Salah satu keistimewaan itu adalah penerapan hukum-hukum Islam dalam kehidupan sosial di Provinsi Aceh.
Di antara hukum-hukum Islam yang diterapkan di Aceh adalah hukum cambuk.
Hukuman ini diberikan kepada seseorang yang melakukan perzinahan atau hubungan intim secara ilegal.
Hukuman Cambuk di Aceh diterapkan setelah provinsi ini mendapatkan izin secara konstitusional untuk menerapkan hukum Islam.
Izin tersebut tertulis dalam tiga undang-undang, yaitu UU Nomor 44/1999 tentang keistimewaan Aceh, UU 18/2001 tentang otonomi khusus di Aceh.
Serta UU Nomor 11 Tahun 2006 tetang pemerintah Aceh.
Namun UU 18/1999 tentang keistimewaan Aceh diganti dengan UU Aceh Nomor 11 Tahun 2006.
UU baru ini merupakan hasil dari MoU Helsinki yang diteken pada 15 Agustus 2005, sebagai akhir Konflik Aceh.
Dalam UU baru itu diatur beberapa hal, salah satunya penerapan syariat Islam yang diberlakukan sesuai tradisi dan norma di Aceh.
Pembahasan tentang hukuman cambuk di Aceh tidak dapat dipisahkan dari pengaruh ajaran Islam di Bumi Rencong sendiri.

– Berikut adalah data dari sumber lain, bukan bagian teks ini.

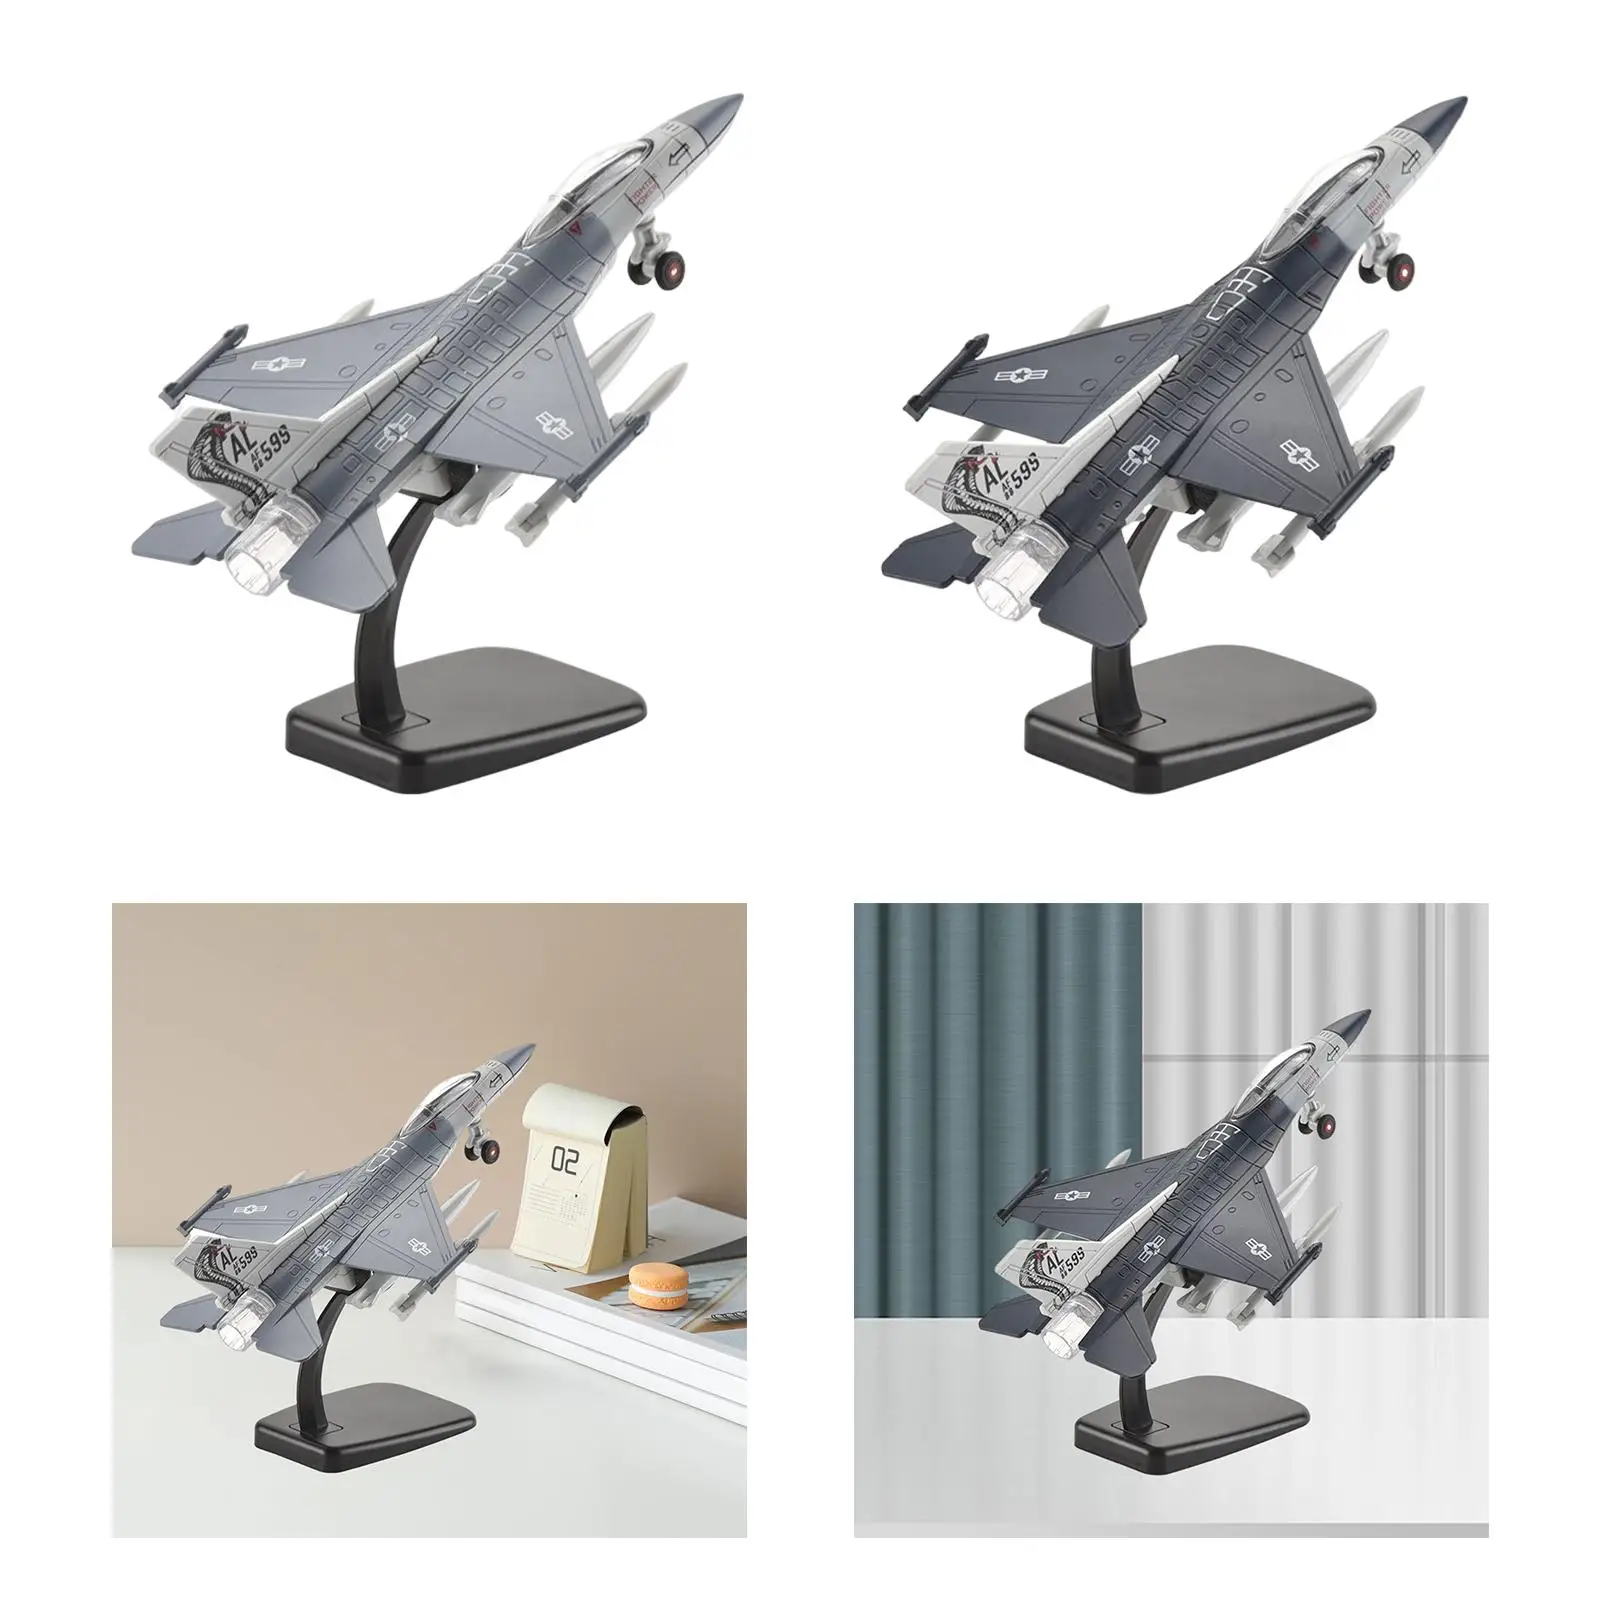 

1/72 F16 Soufa Fighter Model Diecast Aircraft Kids Toy with Display Base Adults Gift Gift Airplane Model for Bookshelf Office
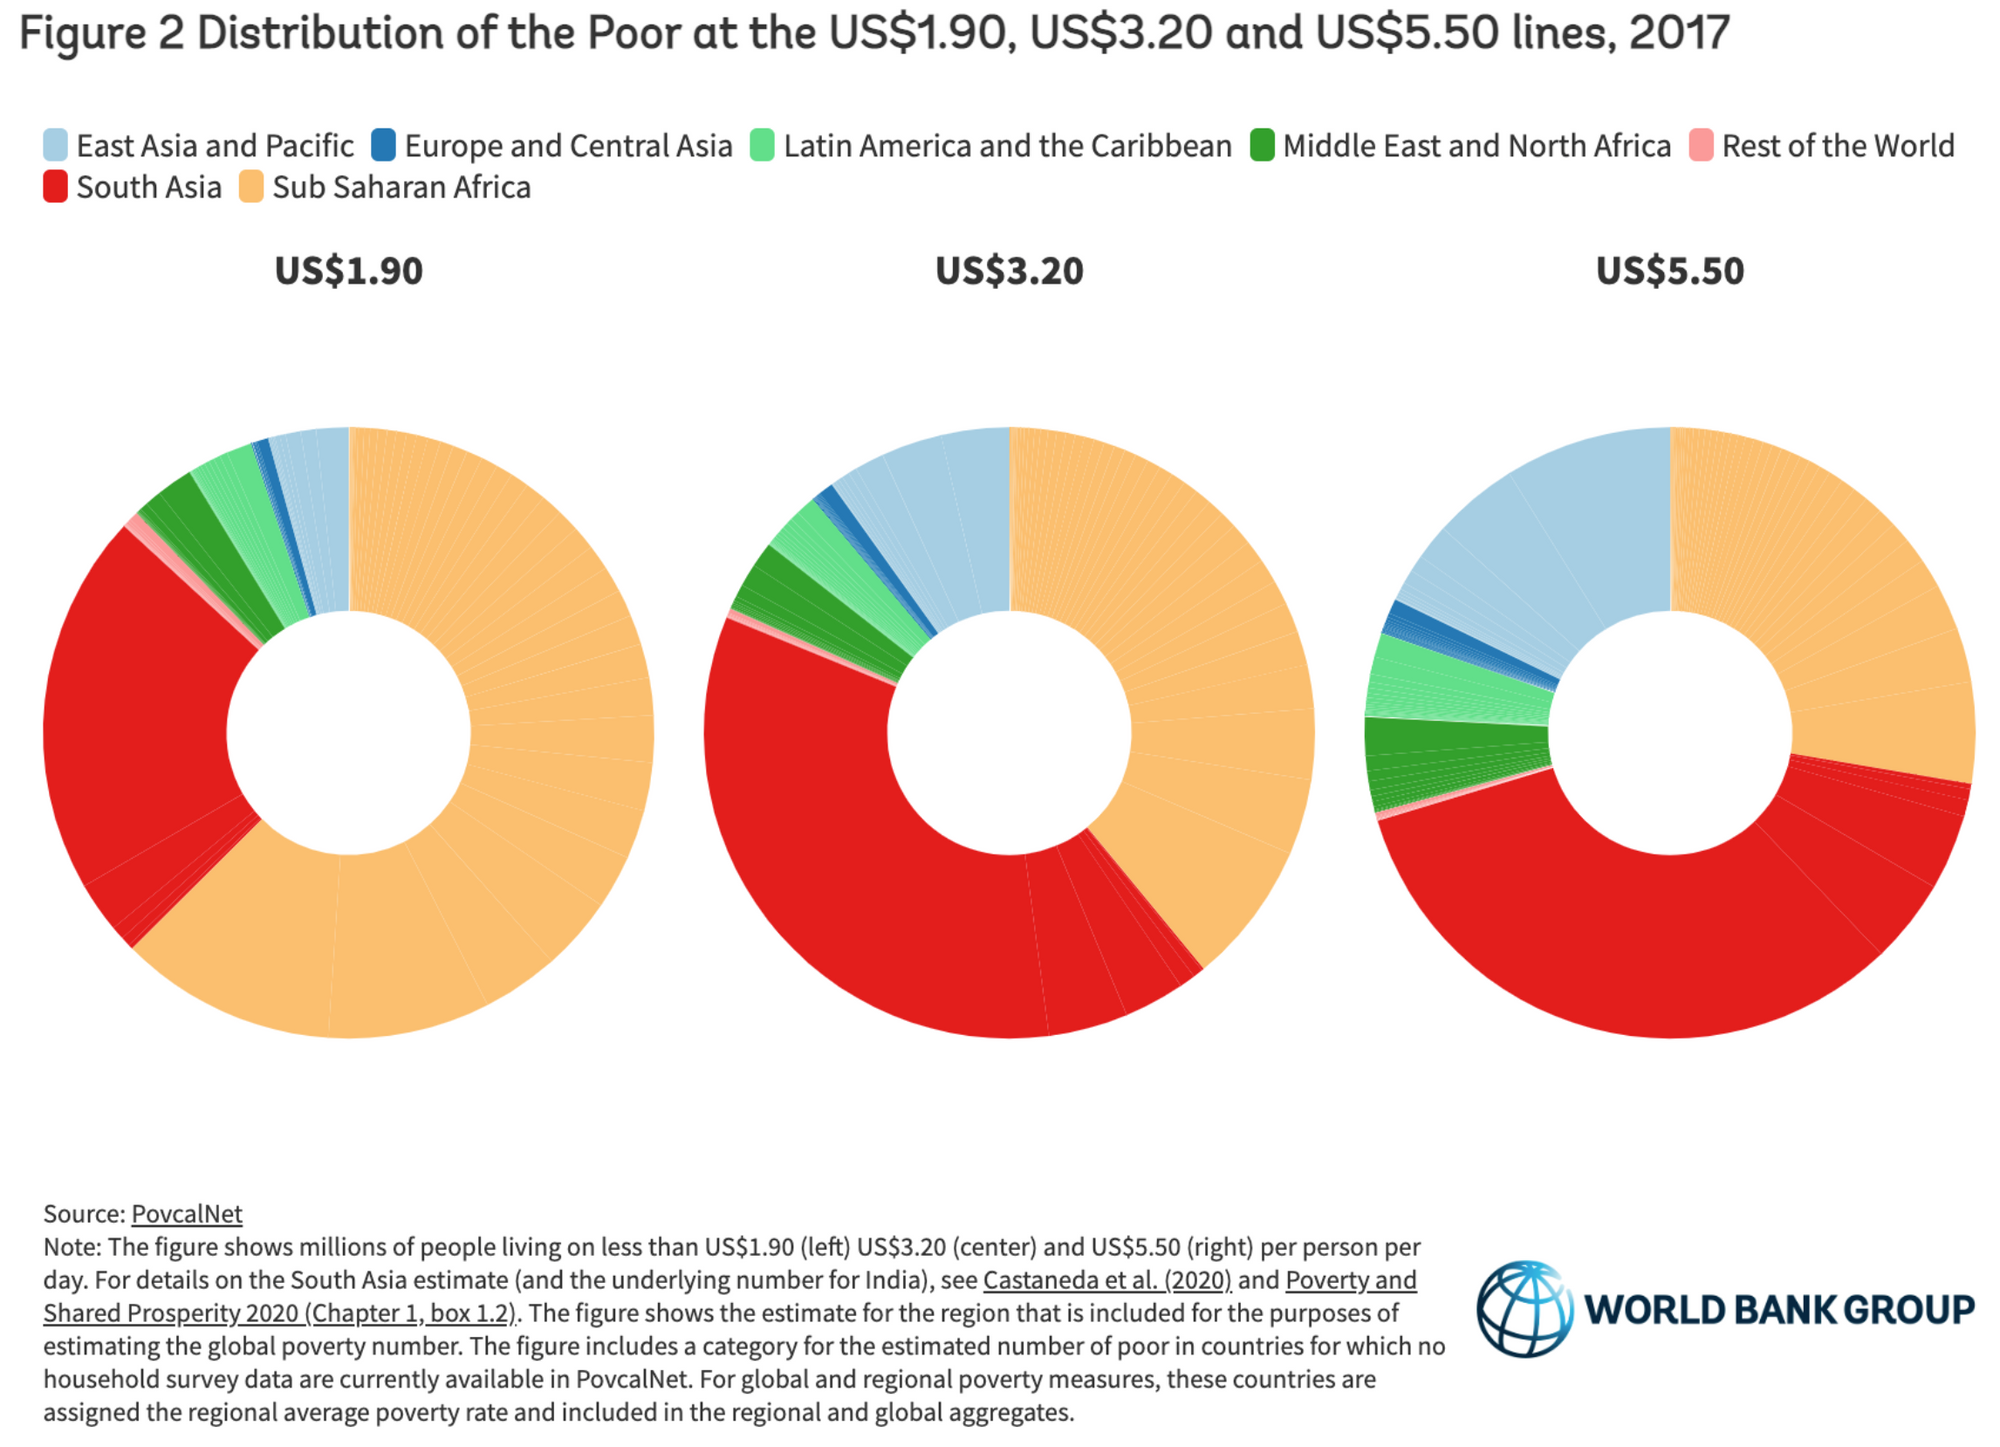 World Bank poverty lines as of 2017

Islam sebagai agama sudah dianut oleh mayoritas suku dan masyarakat di Aceh.
Sementara syariat Islam sendiri sudah diterapkan di Aceh sejak abad ke-17 Masehi.
Syariat Islam itu kemudian menjadi landasan perundang-undangan yang diterapkan sehingga melahirkan masyarakat dan budaya Aceh yang Islami.
Meski demikian, syariat Islam di Aceh pernah ditinggalkan pada abad ke-20 sebagai konsekuensi kehidupan berbangsa dan bertanah air.